The buckling behavior of columns is a highly nonlinear problem and complicates the investigations of structural elements’ behaviors [17]. Analytical and semianalytical researches were conducted, focusing on lift beams [18, 19], or helping beams [20]. The finite-element method is commonly used to study the nonlinear phenoms in mechanics, in particular in the buckling problem. ANSYS was used by Shi et al. [16] to model the axial compression response for circular steel tubes. In many studies, such as Shi et al. [12, 13] for rectangular steel tubes, Yang et al. [14] for I cross-section columns, or Jiang et al. [21] for hollow circular tubes made of nickel-titanium alloy, the behavior of structural members under compression was analyzed. Software such as ANSYS [22] or ABAQUS [23] was used for problems with input parameters such as the geometry of the cross-section, weight, mechanical properties, loading, and other considerations. Understanding the software in programming languages is vital to study the problem thoroughly and to perform high-performance computing in the case of big data. However, the nonlinear finite-element approach is still difficult to deal with, especially the implementation phase of nonlinear algorithms [2426]. It is evident that the behavior of structural components under compression should be predicted accurately.

Artificial intelligence (AI) simulations have been commonly used in mechanical engineering during the last several decades to predict the properties and the behavior of structural components [2734]. The ANN model of Lakshmi et al. [35] was developed to forecast the mechanical properties of steel austenite in the superplastic region.
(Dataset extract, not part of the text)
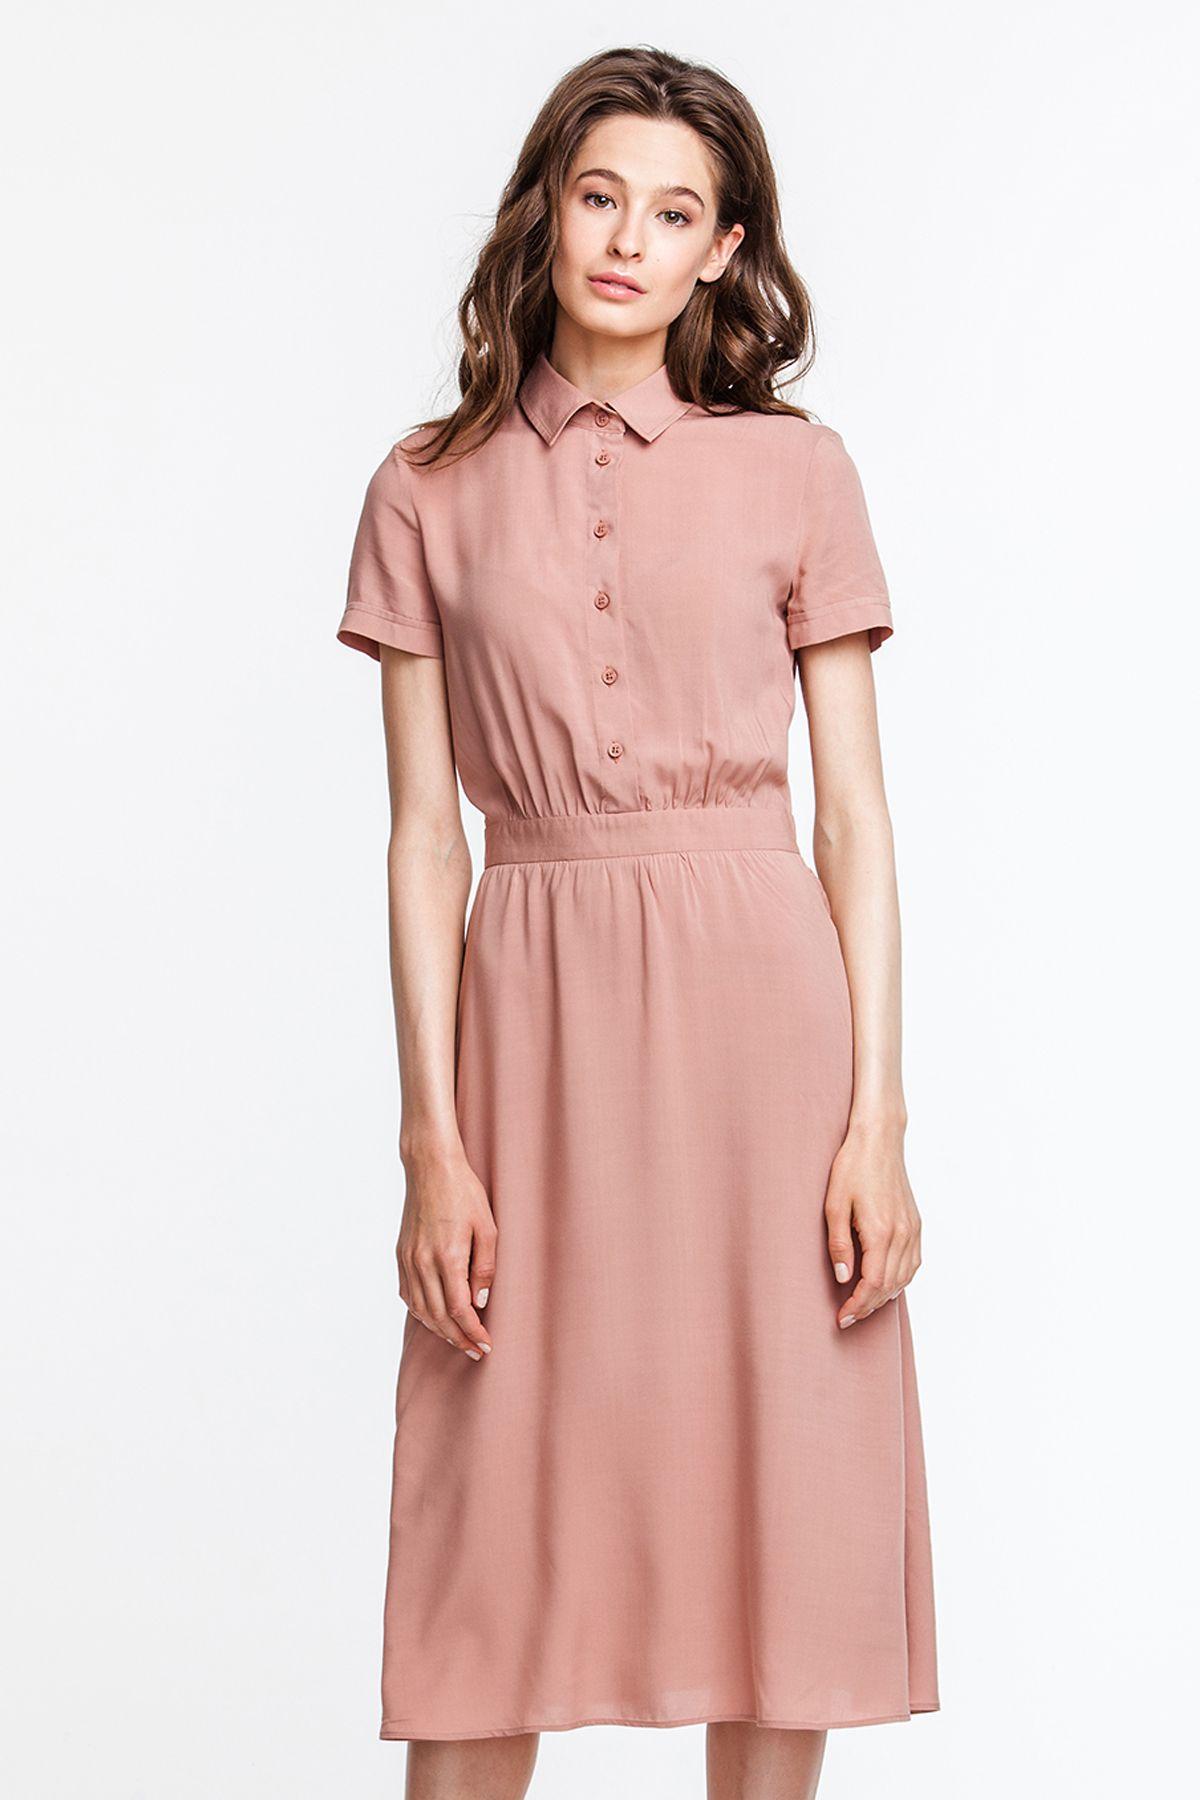 72019c9f613a 2613 Платье бежевое рубашечный верх, юбка миди купить в Украине, цена в  каталоге интернет

The AI approach to study the deterioration of the metallic materials in the presence of hydrogen was conducted by Thankachan et al. [36]. In material sciences, various mechanical properties were investigated using data-driven algorithms, including tensile strength [37] or compression strength [38, 39]. Besides, AI approach could investigate many types of failure of structural elements, for example, the fatigue of the steel components [40]. In Tan et al. [41] or Padil et al. [42], the use of a nonprobabilistic artificial neural network model to calculate, identify, and evaluate the harm to steel beams was studied. The buckling behavior of axial load structural elements was predicted by ANN considering different geometries such as shells [43], panels [44], I-section beams [45], or elliptical segments [46]. In the investigation of Bilgehan [47], an Adaptive Neuro-Fuzzy Inference system (ANFIS) was also applied to predict a column’s buckling in the presence of cracks. Until now, the mechanical behavior and buckling response of the structural components can be determined through experiments combining with AI approaches.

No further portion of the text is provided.